Function textwrap::core::display_width

source ·
pub fn display_width(text: &str) -> usize
Expand description

Compute the display width of text while skipping over ANSI escape sequences.

§Examples

use textwrap::core::display_width;

assert_eq!(display_width("Café Plain"), 10);
assert_eq!(display_width("\u{1b}[31mCafé Rouge\u{1b}[0m"), 10);
assert_eq!(display_width("\x1b]8;;http://example.com\x1b\\This is a link\x1b]8;;\x1b\\"), 14);

Note: When the unicode-width Cargo feature is disabled, the width of a char is determined by a crude approximation which simply counts chars below U+1100 as 1 column wide, and all other characters as 2 columns wide. With the feature enabled, function will correctly deal with combining characters in their decomposed form (see Unicode equivalence).

An example of a decomposed character is “é”, which can be decomposed into: “e” followed by a combining acute accent: “◌́”. Without the unicode-width Cargo feature, every char below U+1100 has a width of 1. This includes the combining accent:

use textwrap::core::display_width;

assert_eq!(display_width("Cafe Plain"), 10);
#[cfg(feature = "unicode-width")]
assert_eq!(display_width("Cafe\u{301} Plain"), 10);
#[cfg(not(feature = "unicode-width"))]
assert_eq!(display_width("Cafe\u{301} Plain"), 11);

§Emojis and CJK Characters

Characters such as emojis and CJK characters used in the Chinese, Japanese, and Korean languages are seen as double-width, even if the unicode-width feature is disabled:

use textwrap::core::display_width;

assert_eq!(display_width("😂😭🥺🤣✨😍🙏🥰😊🔥"), 20);
assert_eq!(display_width("你好"), 4);  // “Nǐ hǎo” or “Hello” in Chinese

§Limitations

The displayed width of a string cannot always be computed from the string alone. This is because the width depends on the rendering engine used. This is particularly visible with emoji modifier sequences where a base emoji is modified with, e.g., skin tone or hair color modifiers. It is up to the rendering engine to detect this and to produce a suitable emoji.

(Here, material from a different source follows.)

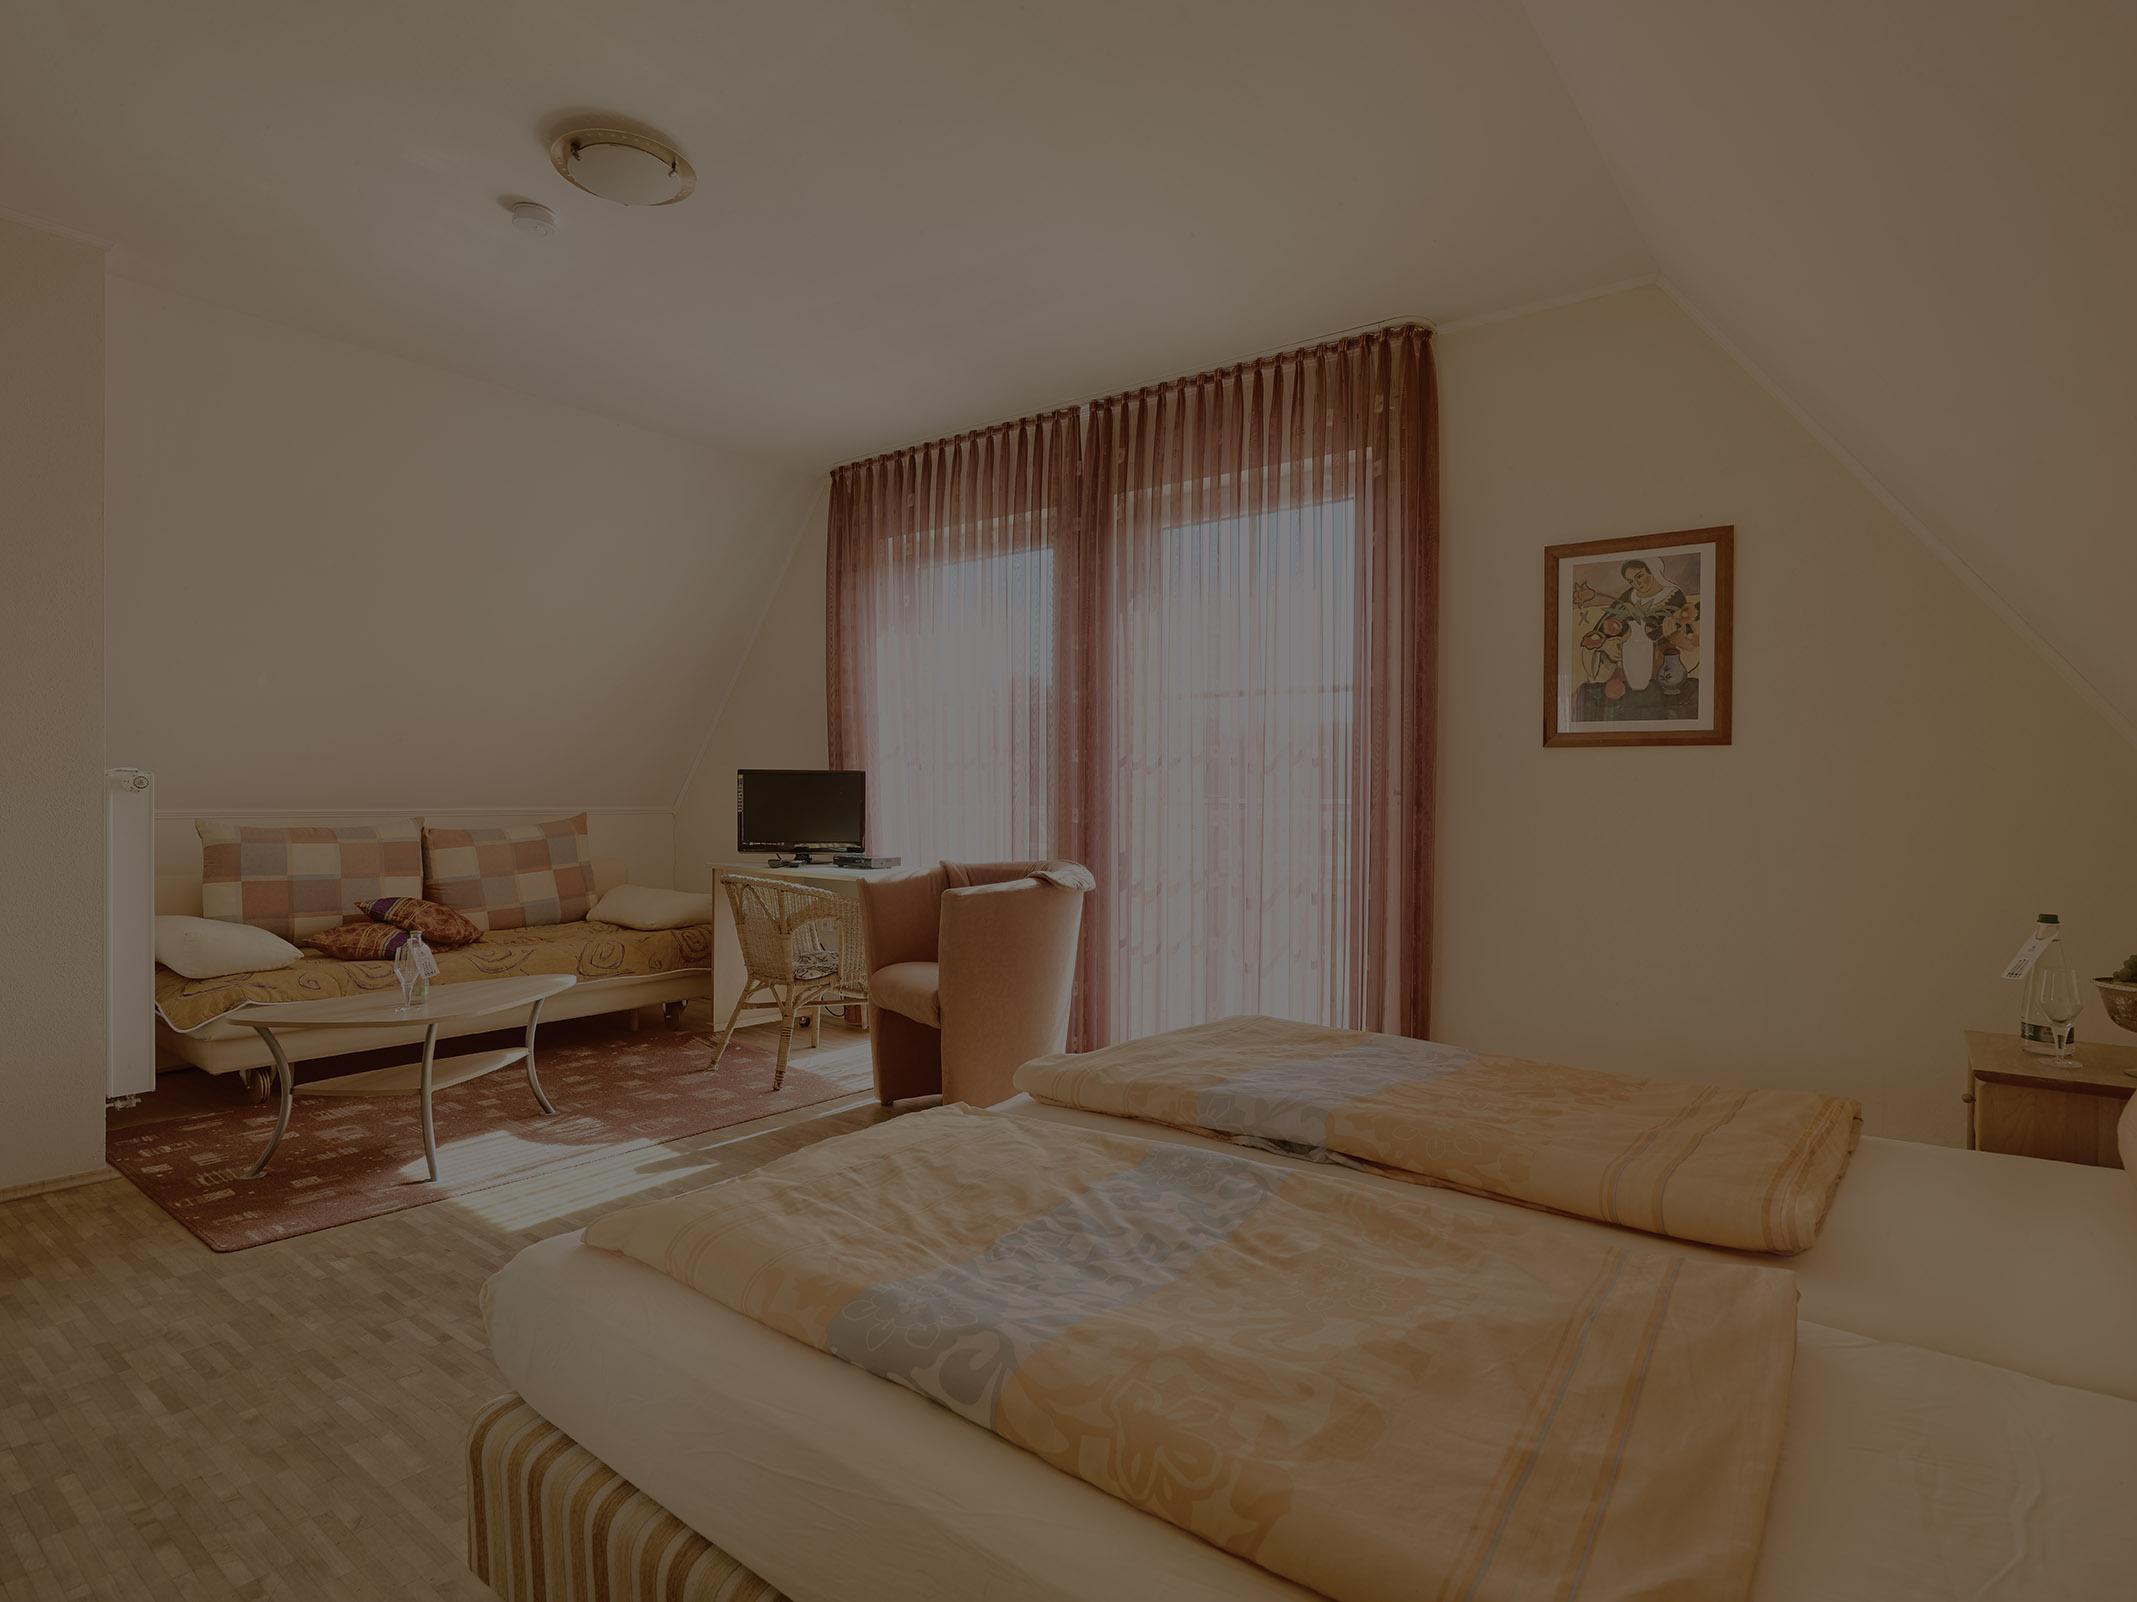 Hintergrundbild für Gästehaus Osing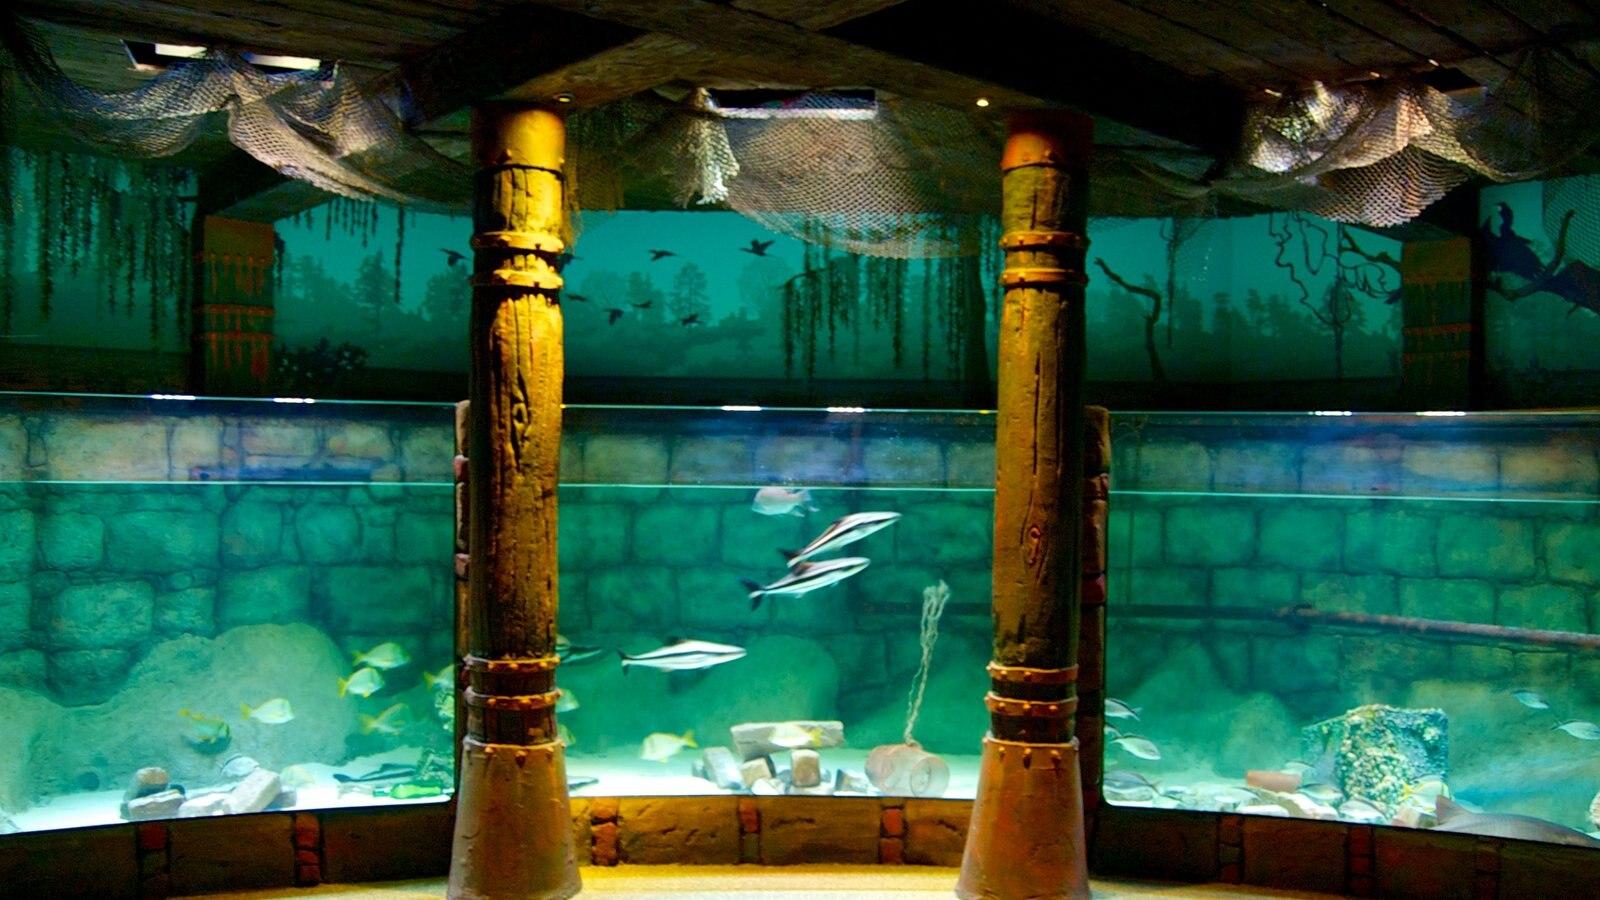 sea life aquarium missouri pictures view photos images of sea life aquarium missouri. Black Bedroom Furniture Sets. Home Design Ideas

A simple example is “❤️”, which consists of “❤” (U+2764: Black Heart Symbol) followed by U+FE0F (Variation Selector-16). By itself, “❤” is a black heart, but if you follow it with the variant selector, you may get a wider red heart.

A more complex example would be “👨‍🦰” which should depict a man with red hair. Here the computed width is too large — and the width differs depending on the use of the unicode-width feature:

use textwrap::core::display_width;

assert_eq!("👨‍🦰".chars().collect::<Vec<char>>(), ['\u{1f468}', '\u{200d}', '\u{1f9b0}']);
#[cfg(feature = "unicode-width")]
assert_eq!(display_width("👨‍🦰"), 4);
#[cfg(not(feature = "unicode-width"))]
assert_eq!(display_width("👨‍🦰"), 6);

This happens because the grapheme consists of three code points: “👨” (U+1F468: Man), Zero Width Joiner (U+200D), and “🦰” (U+1F9B0: Red Hair). You can see them above in the test. With unicode-width enabled, the ZWJ is correctly seen as having zero width, without it is counted as a double-width character.

§Terminal Support

Modern browsers typically do a great job at combining characters as shown above, but terminals often struggle more. As an example, Gnome Terminal version 3.38.1, shows “❤️” as a big red heart, but shows “👨‍🦰” as “👨🦰”.